My opinion
 

By Dr. Deepak Gupta
Corresponding Author Dr. Deepak Gupta
Self, - India 110032
Submitting Author Dr. Deepak Gupta
CANCER

WATER; HUMAN PAPILLOMA VIRUS; CANCER; INDIA; JAPAN; SPAIN; SINGAPORE; ISRAEL; ITALY

Gupta D. Water or Wipe: Implications for Human Papilloma Virus Associated Cancers?. WebmedCentral CANCER 2017;8(4):WMC005266

This is an open-access article distributed under the terms of the Creative Commons Attribution License(CC-BY), which permits unrestricted use, distribution, and reproduction in any medium, provided the original author and source are credited.
No
Submitted on: 31 Mar 2017 10:13:39 PM GMT
Published on: 03 Apr 2017 08:46:01 AM GMT

Abstract


It's commendable statistic that was deciphered by Islami et al (2016). It is interesting question raised by them whether the trends of receptive anal intercourse may explain the trends towards anal cancer incidence among various countries. However, they could have also reflected in their discussions whether plain water vs. dry wipe role in anal hygiene could potentially contribute to the trends in anal cancer because it would be worth a while to investigate whether post-defecation water use with associated anogenital hygiene variability in itself can act as an independent shield in our battle against anogenital cancer.

My Opinion


It's commendable statistic that was deciphered by Islami et al (2016) [1]. It is interesting question raised by them whether the trends of receptive anal intercourse may explain the trends towards anal cancer incidence among various countries. However, they could have also reflected in their discussions whether plain water vs. dry wipe [2-6] role in anal hygiene could potentially contribute to the trends in anal cancer. Henceforth, I am raising those questions that may need to be pondered into by the scientific community.
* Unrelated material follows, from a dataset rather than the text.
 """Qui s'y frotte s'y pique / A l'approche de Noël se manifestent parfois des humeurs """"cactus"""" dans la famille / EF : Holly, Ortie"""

Human papilloma virus (HPV) is known to be a common causative agent for anal cancer [7]. Among the all HPV types, HPV-16 is the commonest type as underlying HPV-related causation for genital cancer (cervical and penile cancer) and hence correspondingly to anal cancer (assuming the receptive anal intercourse being the vehicle). Contrastingly, in spite of being related to skin warts and skin cancer, HPV-47 has NOT been associated with anal cancer despite being most abundantly identified in the human feces [8-9]. To minimize exposures sustained during sexual contact, post-coital hygiene [10] includes immediate cleansing with water [11] primarily; therefore, correspondingly post-defecation hygiene may be rated as better achieved with water as compared to paper. However, when HPV has been shown to be resistant to common disinfectants [12], there can be a question about what role (if any) water cleansing can play. Hereafter comes the question whether the persistent fecal matter (depending on the post-defecation practices achieving variable adequacy of anogenital hygiene) contributes to persistent survivability [13] of anogenital HPV (HPV-16 in genital secretions and/or HPV-47 in fecal excretions; and subsequent potential risk for non-sexual HPV transmission through fomites [14] despite the absence of documented cases for the same) that may be acting as a potential risk factor for deciphered relative differences in the anal cancer incidence across the world.
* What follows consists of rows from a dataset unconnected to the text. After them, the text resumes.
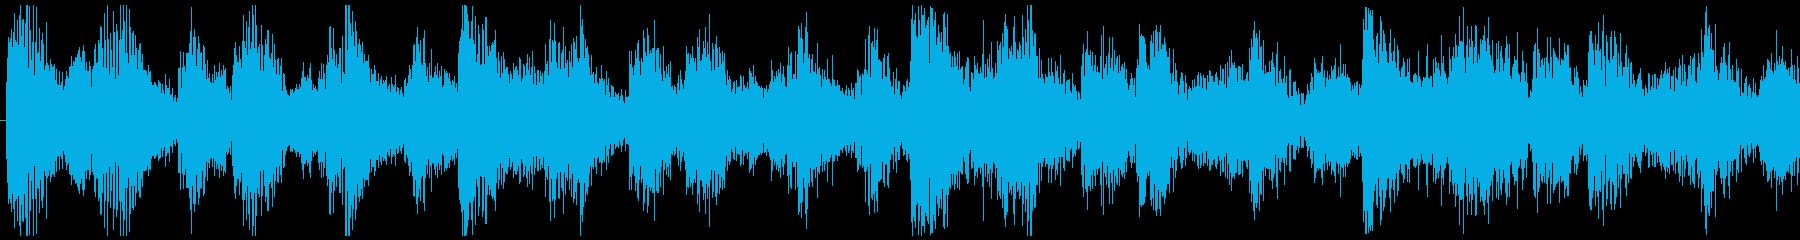 爽やかな朝に聞くBGM-ループ4の再生済みの波形
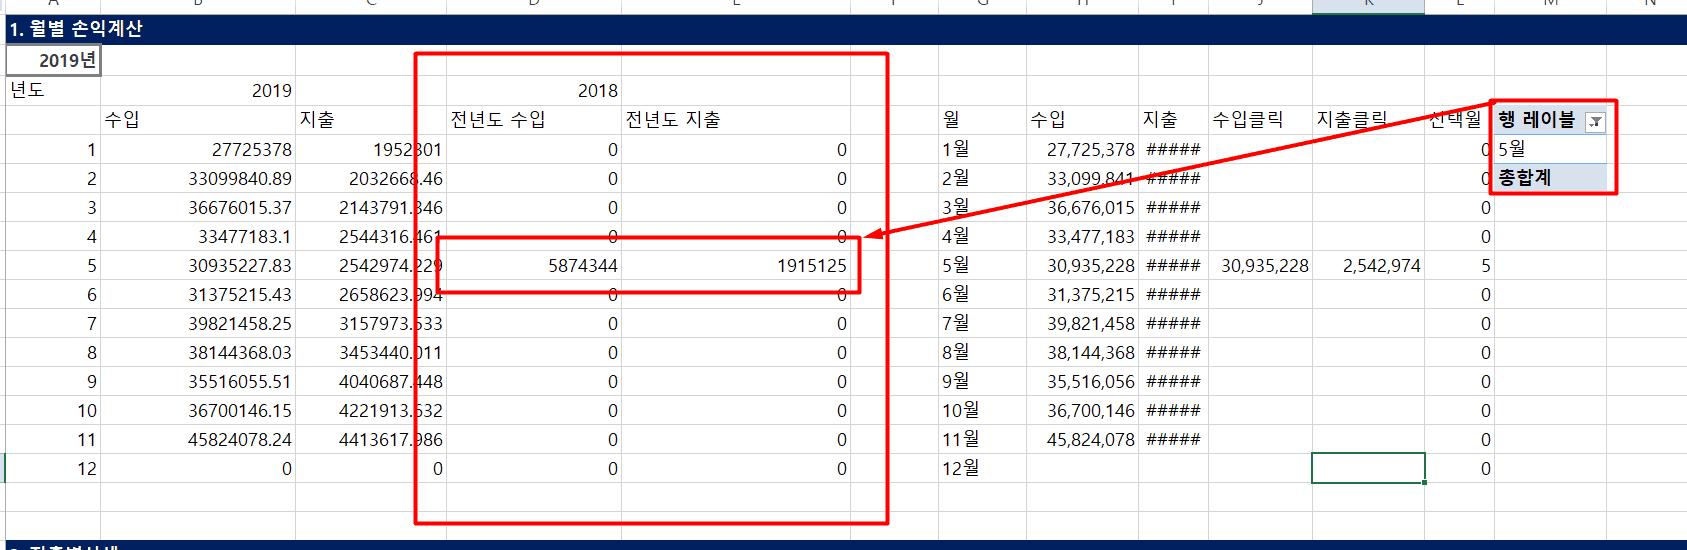 2c. 전년도의 수입과 지출 합계 계산 완료
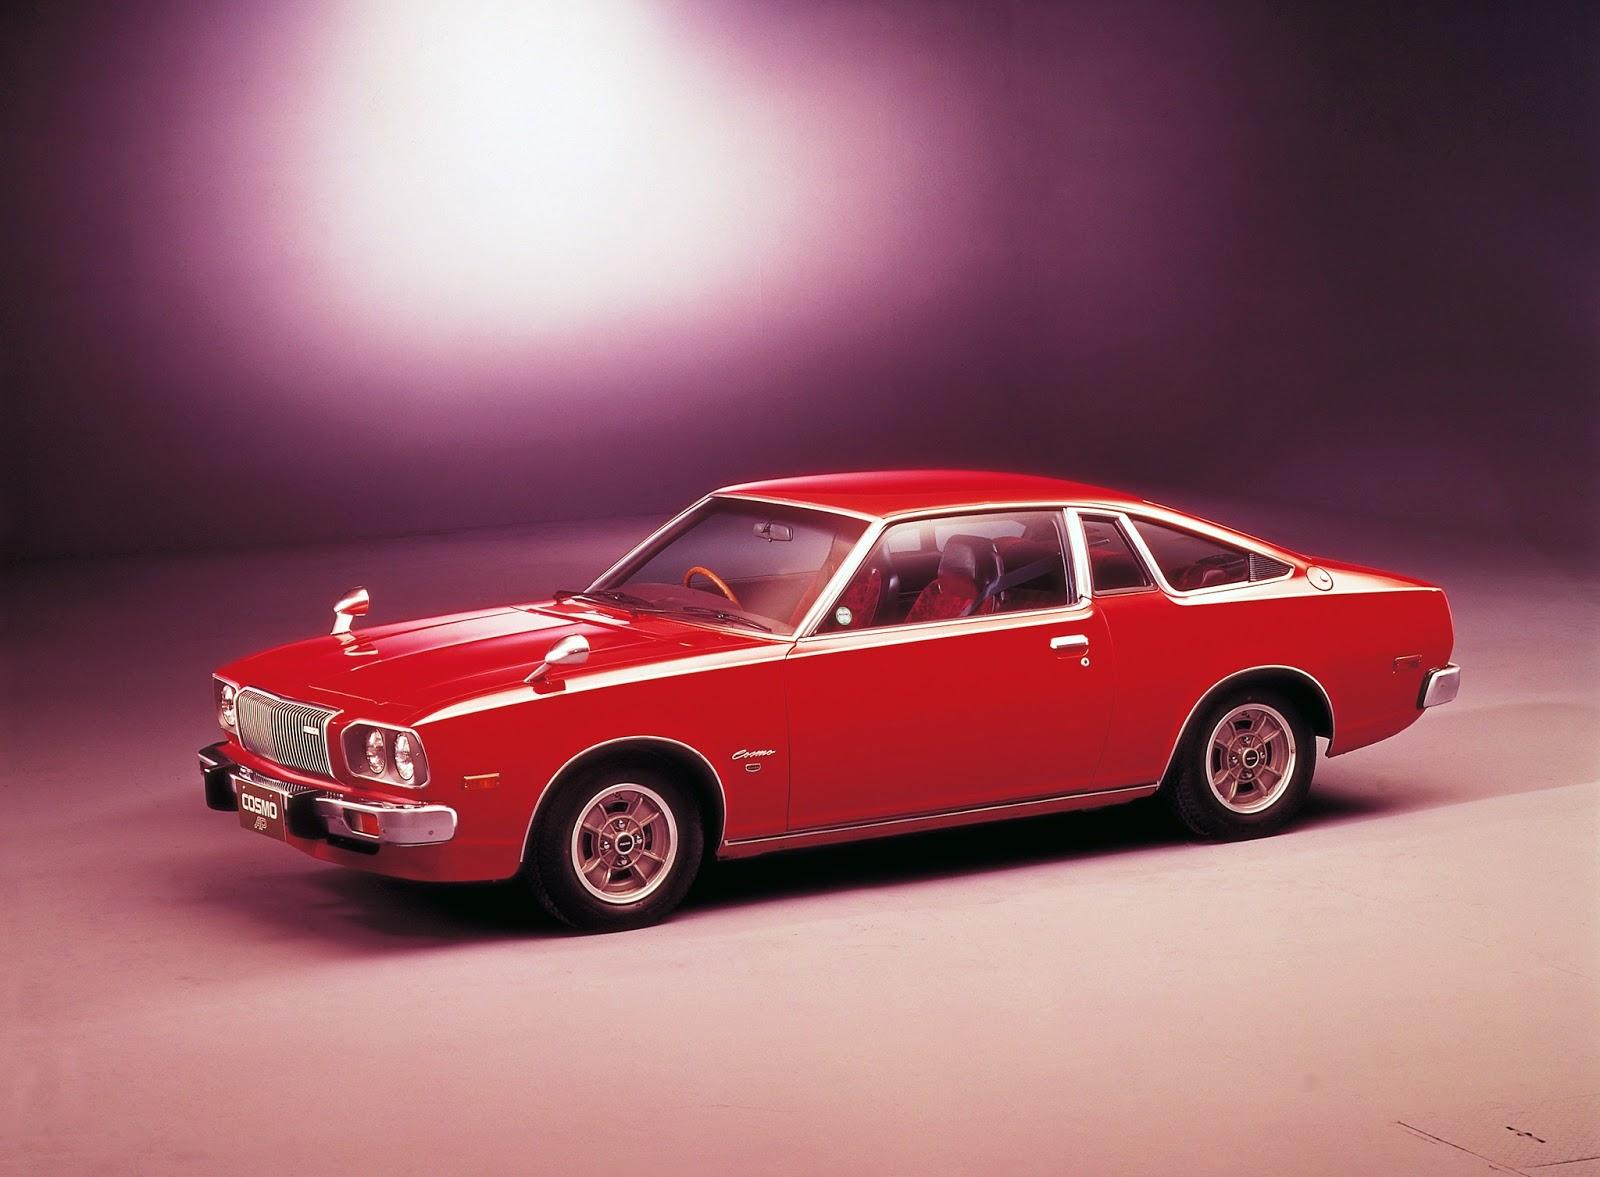 http://2.bp.blogspot.com/-x103Nkt33cg/URI5QLBxEEI/AAAAAAAAQmE/BPnmw0jvnH0/s1600/1975+Mazda+Cosmo+Wallpaper+1.jpg

From Islami et al (2016) [1] data, it is interesting to review the countries' list wherein little change in anal cancer incidence happened as compared to the increasing incidence in other countries. India and Japan has been known to consistently use water for post-defecation hygiene irrespective of the poor sanitation conditions in India [15] being different than the sophisticated Japanese toilets being often equipped with vertical jet based bidets [16]. Similarly, the Spanish toilets are known to be equipped with bidets; the Singaporean population has cleanliness ingrained into their psyche-practices as per their city-state laws (and hefty penalties) [17]; and despite their miraculous needs for water conservation [18], the drought-ridden Israelites must have comprehensive resolve towards personal hygiene beside the almost-universal practice of male circumcision, that is now known to have HPV-protective potential [19]. Alternatively, the increasing incidence of anal cancer among the bidet-loving Italian population [20] may itself weaken the argument about preferring water (over wipe) for anogenital hygiene (with potentially decreased risk of anal cancer). Overall, it can be true that, irrespective of water-or-wipe, the increasing incidence among the reviewed populations may be primarily related to potentially increasing trends towards receptive anal intercourse; however, it may be interesting to ponder whether, in the backdrop of variable post-defecation hygiene with wipe (as compared to water), the anogenital hygiene status in itself can aggravate the receptive anal intercourse practicing populations' risk towards anal cancer.

In summary, it would be worth a while to investigate if post-defecation water use itself can act as an independent shield in our battle against cancer (in this particular case against the anogenital cancer).